Tuesday, January 22, 2019, 3:59 PM ET


Have you ever looked at a microwave oven and wondered if it could be used to manufacture nanoparticles? Microwave electromagnetic radiation generates heat by vibrating the molecules of whatever is placed within range. In a household, most people use this technology to warm up food, such as breakfast burritos. In a lab, however, this same technology can be applied towards a wide array of applications. Recently, researchers at University of North Carolina at Chapel Hill used PEG-PLGA (AK010, AK037) from PolySciTech (www.polyscitech.com) as part of developing a microwave-based manufacturing technique to develop nanoparticle formulations containing paclitaxel for cancer delivery system. This research holds promise to enable rapid and efficient nanoparticle manufacturing for improved cancer therapy. Read more: Dunn, Stuart S., J. Christopher Luft, and Matthew C. Parrott. "Zapped assembly of polymeric (ZAP) nanoparticles for anti-cancer drug delivery." Nanoscale (2019). https://pubs.rsc.org/en/content/articlehtml/2019/nr/c8nr09944h

“Abstract: The starting hypothesis for this work was that microwave synthesis could enable the rapid assembly of polymers into size-specific nanoparticles (NPs). The Zapped Assembly of Polymeric (ZAP) NPs was initially realized using poly(lactic-co-glycolic acid)-poly(ethylene glycol) (PLGA-PEG) block copolymers and distinct microwave reaction parameters. A library of polymeric NPs was generated with sizes ranging from sub-20 nm to 350 nm and low polydispersity. Select ZAP NPs were synthesized in 30 seconds at different scales and concentrations, up to 200 mg and 100 mg mL−1, without substantial size variation. ZAP NPs with diameters of 25 nm, 50 nm, and 100 nm were loaded with the chemotherapeutic paclitaxel (PXL), demonstrated unique release profiles, and exhibited dose-dependent cytotoxicity similar to Taxol. Incorporation of d-alpha tocopheryl polyethylene glycol succinate (TPGS) and PLGA33k allowed for the production of a sub-40 nm NP with an exceptionally high loading of PXL (12.6 wt%, ca. 7 times the original NP) and a slower release profile. This ZAP NP platform demonstrated scalable, flexible, and tunable synthesis with potential toward clinical scale production of size-specific drug carriers.”

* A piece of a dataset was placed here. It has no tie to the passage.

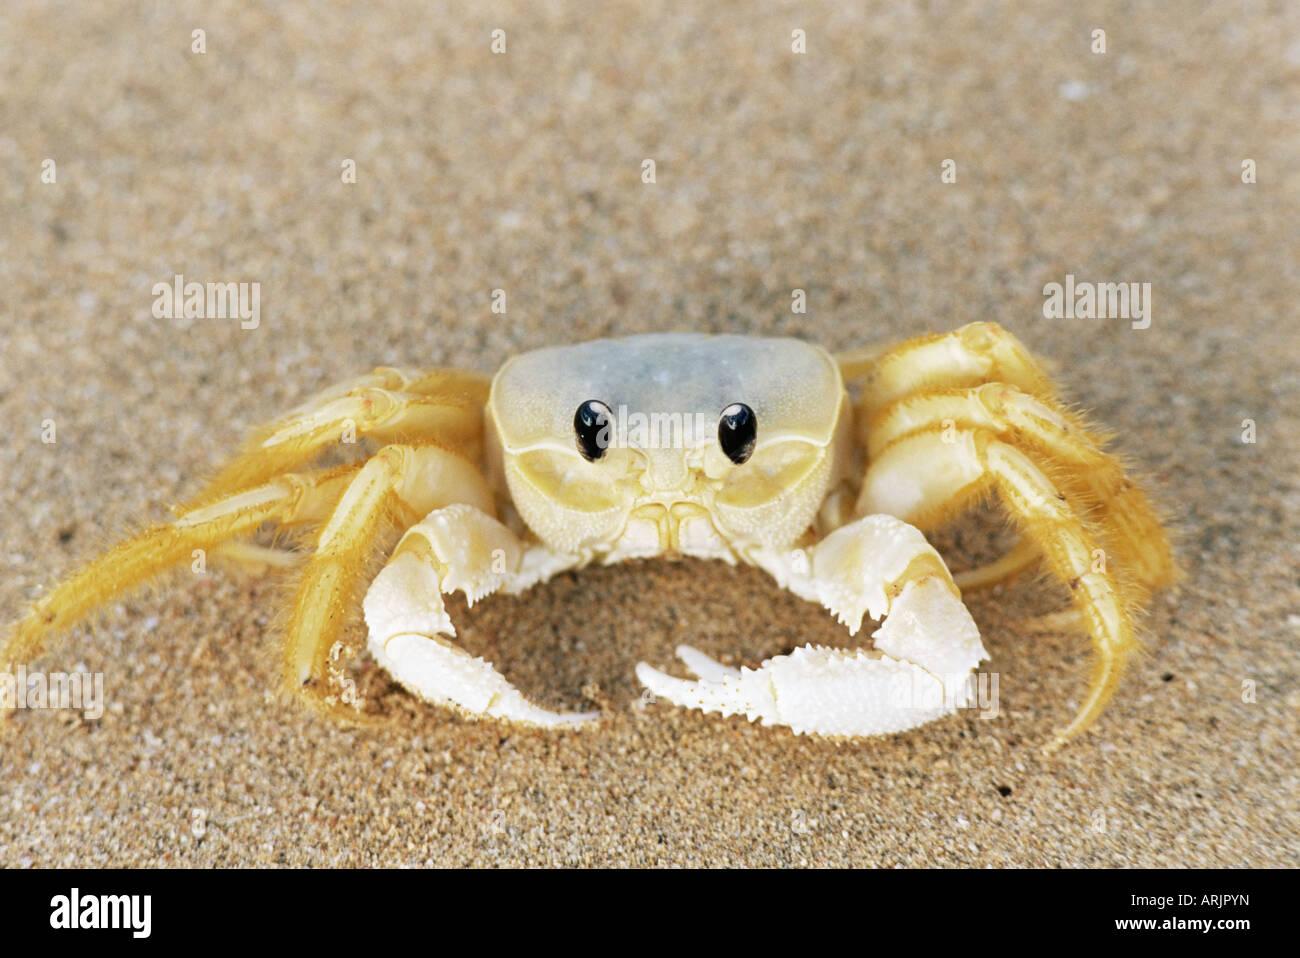 Ghost crab (sand crab), Genus ocypode, Parque Nacional de Fernando de Noronha, Fernando de Noronha, Pernambuco, - Stock Image

PLGA from PolySciTech used in study on nanoparticle/microparticle interactions with immune cells

Friday, January 18, 2019, 10:20 AM ET



The human immune system does a spectacular job at attacking and destroying anything which is deemed (from a biochemical standpoint) to be ‘non-self’ in nature. In the case of bacterial or viral infection, this is quite a useful and necessary feature which enables humans to survive these infections. In drug delivery applications, however, it presents a problem as particles loaded with medicines intended for delivery of the therapeutic molecule can be attacked by phagocytes (i.e. white blood cells) and destroyed. Recently, researchers at The Indian Institute of Science used PLGA (AP154) from PolySciTech (www.polyscitech.com) to develop nanoparticles and track their cellular interactions. This research holds promise for better understanding of nanoparticle/microparticle circulation and clearance as it applies to drug delivery. Read more: Sharma, Preeti, Devashish Sen, Varsha Neelakantan, Vinidhra Shankar, and Siddharth Jhunjhunwala. "Disparate effects of PEG or albumin based surface modification on uptake of nano-and micro-particles." Biomaterials Science (2019). https://pubs.rsc.org/en/content/articlelanding/2019/bm/c8bm01545g

“Abstract: Surface modification of particulate systems is a commonly employed strategy to alter their interaction with proteins and cells. Past studies on nano-particles have shown that surface functionalization with polyethylene glycol (PEG) or proteins such as albumin increases circulation times by reducing their phagocytic uptake. However, studies on surface functionalized micro-particles have reported contradictory results. Here, we investigate the effects of surface functionalization using polystyrene particles with 4 different diameters ranging from 30 nm-2.6 µm and coating them either with albumin or PEG. Our results show that with increasing particle size, surface functionalization has less to no effect on altering phagocytic uptake. The data also suggests that these differences are observed even with a dense arrangement of molecules on the surface (dense brush conformation for PEG conjugation), appear to be independent of the serum proteins adsorbing on particles surfaces and is independent of the endocytic uptake pathway. These results provide insight into the differences in the ability of surface modified nano- and micro-particles to avoid phagocytic uptake.”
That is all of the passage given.